I do not agree with David Bernstein, writing for Minding the Campus, that we can take much comfort in the fact that the ASA resolution is watered down, amounting mainly to a refusal of the ASA as an organization to cooperate with Israeli universities or their official representatives, rather than a call, say, for individual ASA members to stop inviting Israeli scholars to visit American campuses. No resolution the ASA passed was going to have a substantial direct effect, since the organization is quite small, and its ties to Israeli scholars are very limited. The meaning of the resolution was always going to be symbolic, and its impact, if the resolution passes the full membership, will be to bolster the U.S. Campaign for the Academic and Cultural Boycott of Israel and the international Boycott, Divestment, Sanctions movement, neither of which can bring itself to concede Israel’s right to exist as a Jewish state.

But Bernstein is right that we should be heartened by the “significant resistance” the resolution has met within the ASA. The ASA has a powerful radical wing, such that the sociologist Alan Wolfe took to the pages of the New Republic more than a decade ago to denounce a field increasingly characterized by “postcolonial criticism of the United States for its imperial pretensions” and for whose practitioners “nobody’s revolutionary credentials are good enough.” Nonetheless, seven former presidents of the ASA along with more than fifty other members have signed onto a letter against the resolution.

What is most remarkable about this letter is that it goes beyond what too often passes for level-headedness in academia, namely a ritual denunciation or Israel followed by the argument that although everyone agrees that Israel is an international criminal, academic freedom is too precious to sacrifice for the sake of denouncing international criminals.  Rather than choosing sides in the Israeli-Palestinian conflict, the letter’s authors call for “healthy, constructive debate on the Middle East and other complex topics,” and observe that the boycott, being “discrimination pure and simple” is unlikely to foster such debate.

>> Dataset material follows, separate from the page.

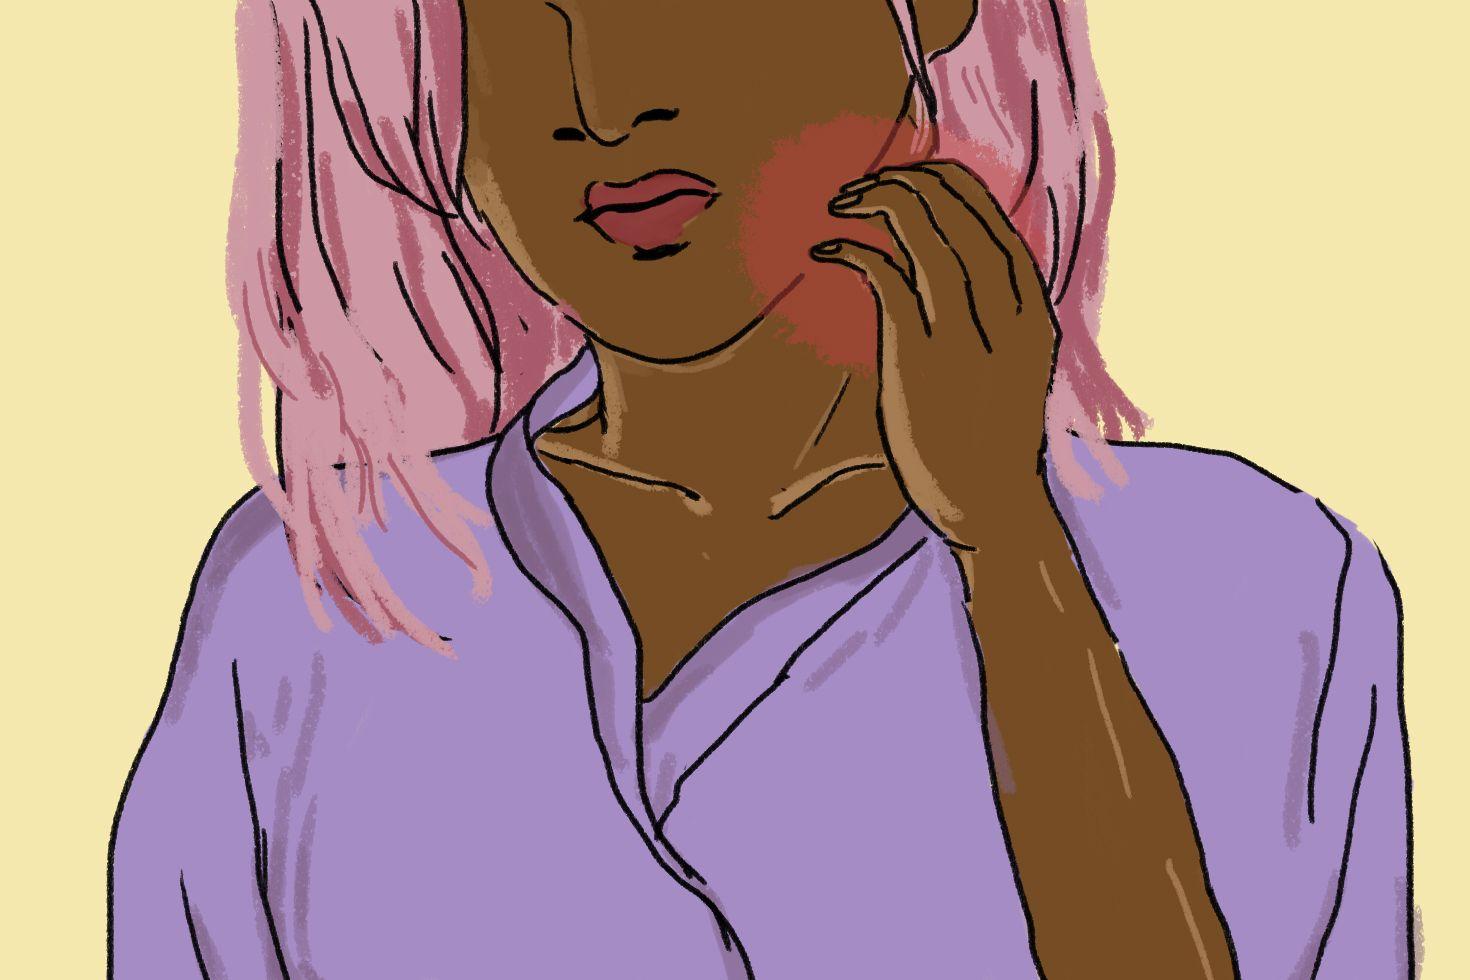 Woman Scratching Neck - Eczema Illustration

Simon Bronner of Pennsylvania State University, the editor of the ASA’s Encyclopedia of American Studies, has led the effort to oppose the boycott (his petition is here), and other thoughtful members of the ASA have weighed in. ASA’s leaders have done what they can to shut out critics. ASA’s president Curtis Marez, according to Bronner, flatly refused his request to “provide corrections of misstatements, information on reasons for non-endorsement, and the possibility of extending the deadline for voting.” He did so even though the Council has communicated to members a lengthy justification of its actions before calling the vote.

Opposition is coming from other corners of academia, too. The American Association of University Professors, which criticized the Asian American Studies Association when it passed a boycott resolution, has issued an open letter urging members of the ASA to vote this new resolution down.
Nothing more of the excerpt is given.